• _Collected data_

--*--

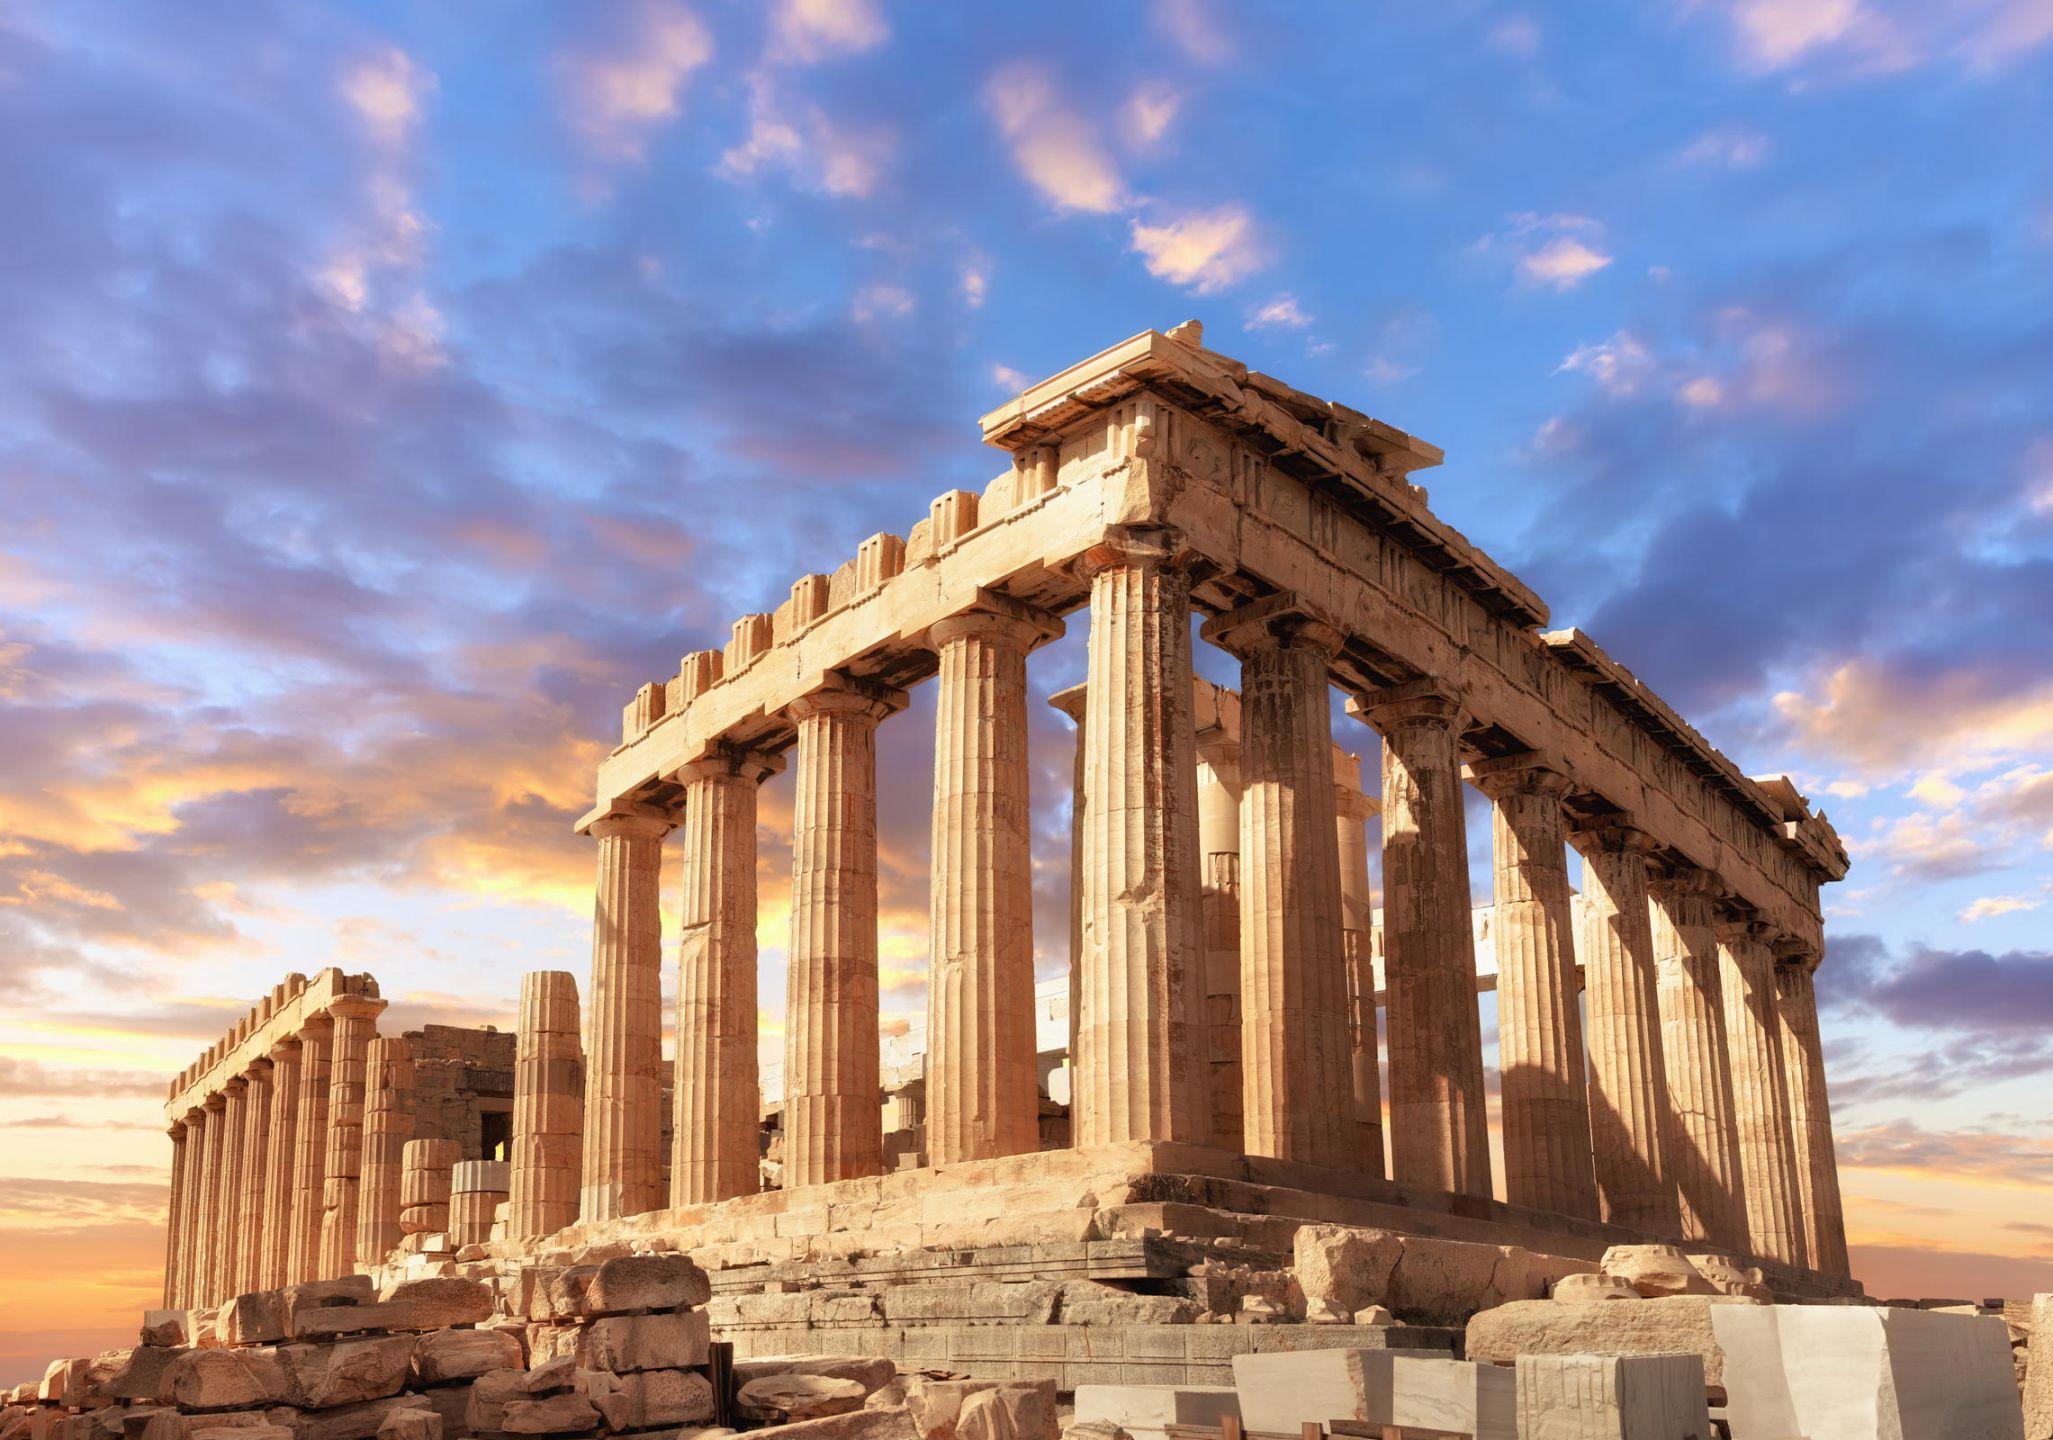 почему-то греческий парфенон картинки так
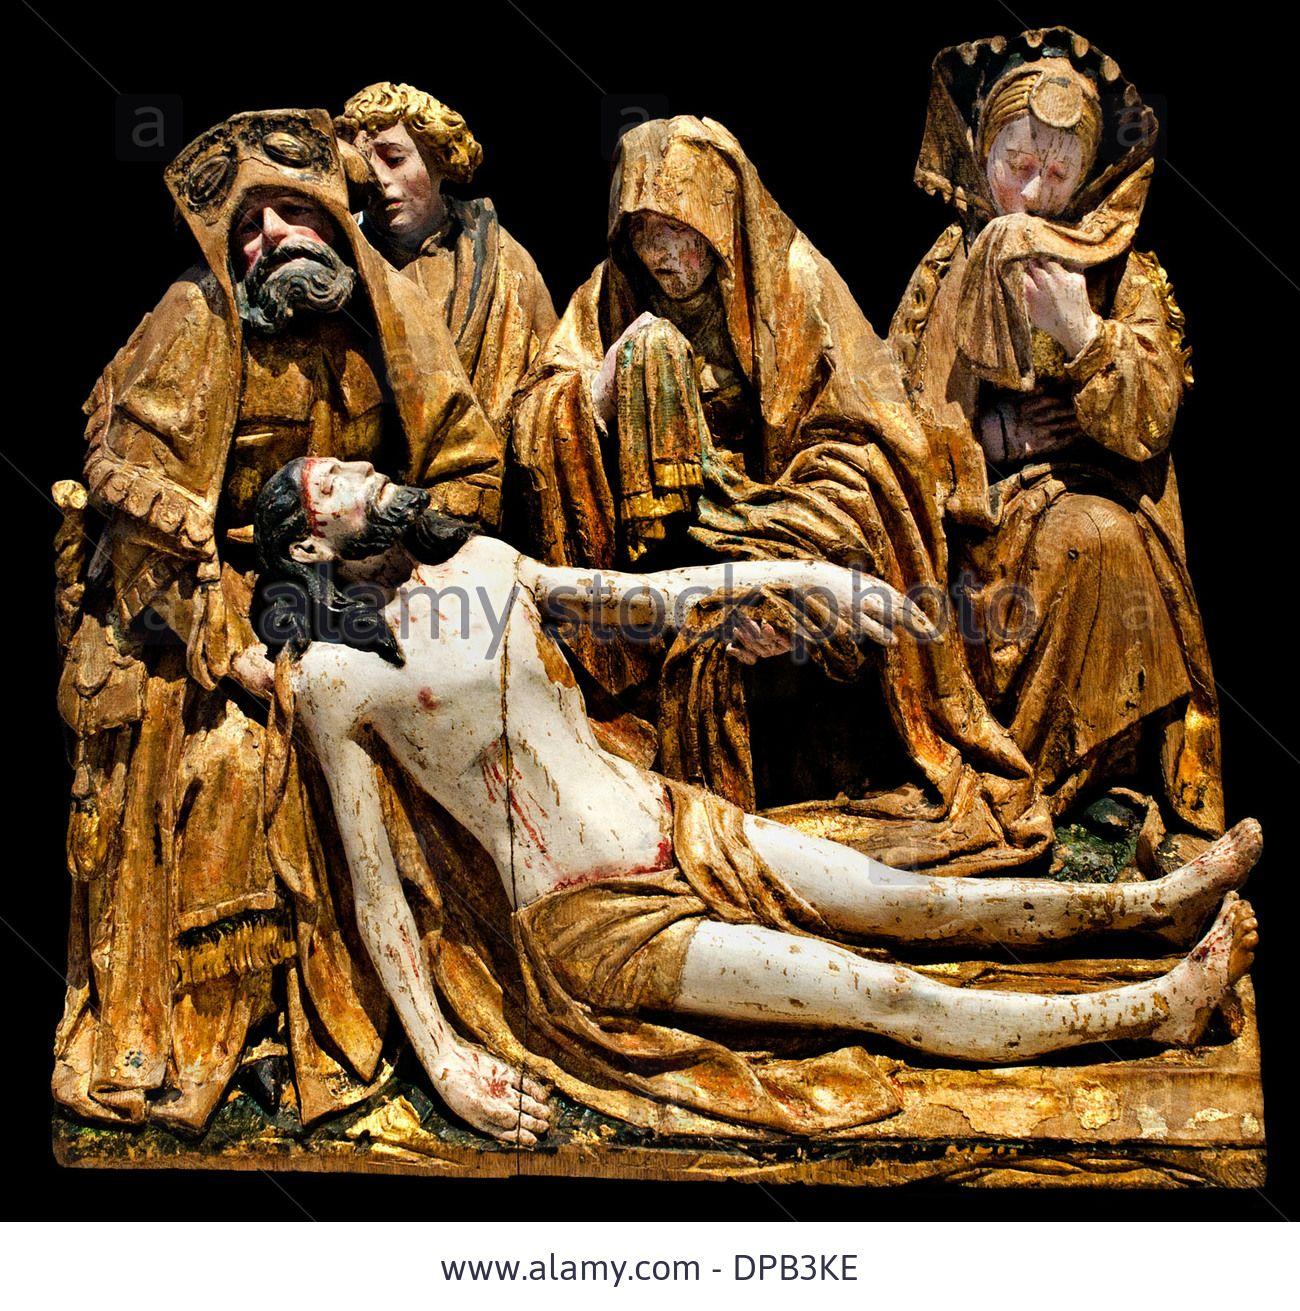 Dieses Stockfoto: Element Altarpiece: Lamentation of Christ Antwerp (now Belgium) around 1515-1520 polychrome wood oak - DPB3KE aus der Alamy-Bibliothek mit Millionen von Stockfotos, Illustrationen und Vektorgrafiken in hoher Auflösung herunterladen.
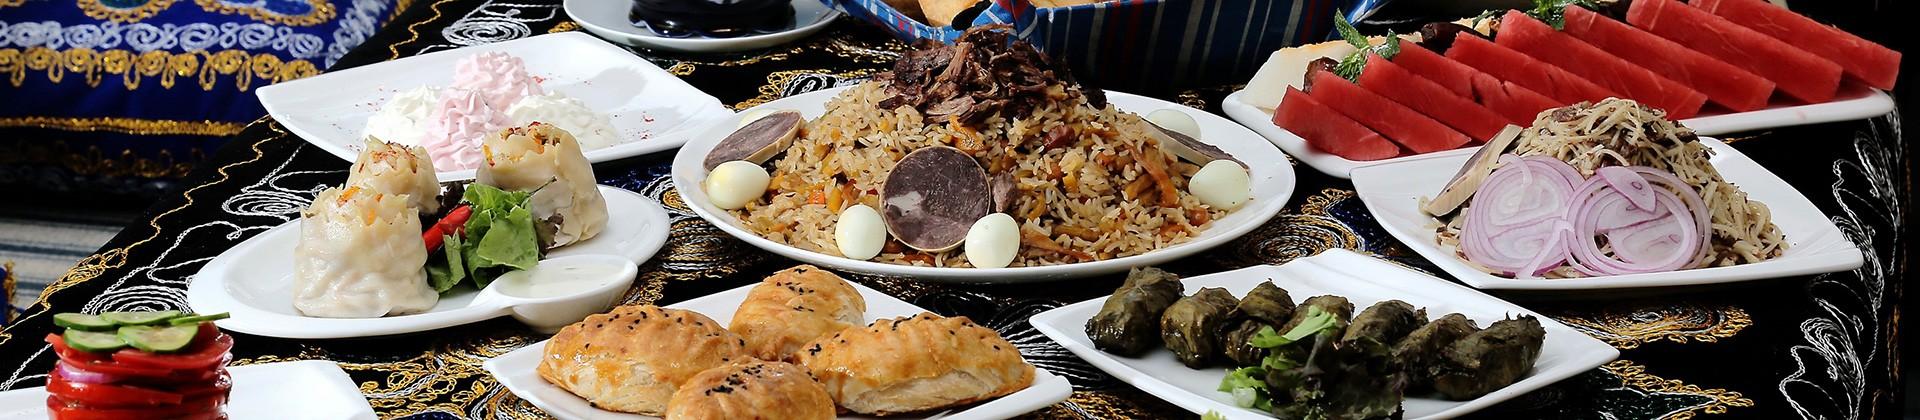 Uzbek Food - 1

--*--

• _Exercise description_
Reproduce the whole listing verbatim. Pictures stay out of the copy.

• _Completed task_
 почему-то греческий парфенон картинки так
 Dieses Stockfoto: Element Altarpiece: Lamentation of Christ Antwerp (now Belgium) around 1515-1520 polychrome wood oak - DPB3KE aus der Alamy-Bibliothek mit Millionen von Stockfotos, Illustrationen und Vektorgrafiken in hoher Auflösung herunterladen.
 Uzbek Food - 1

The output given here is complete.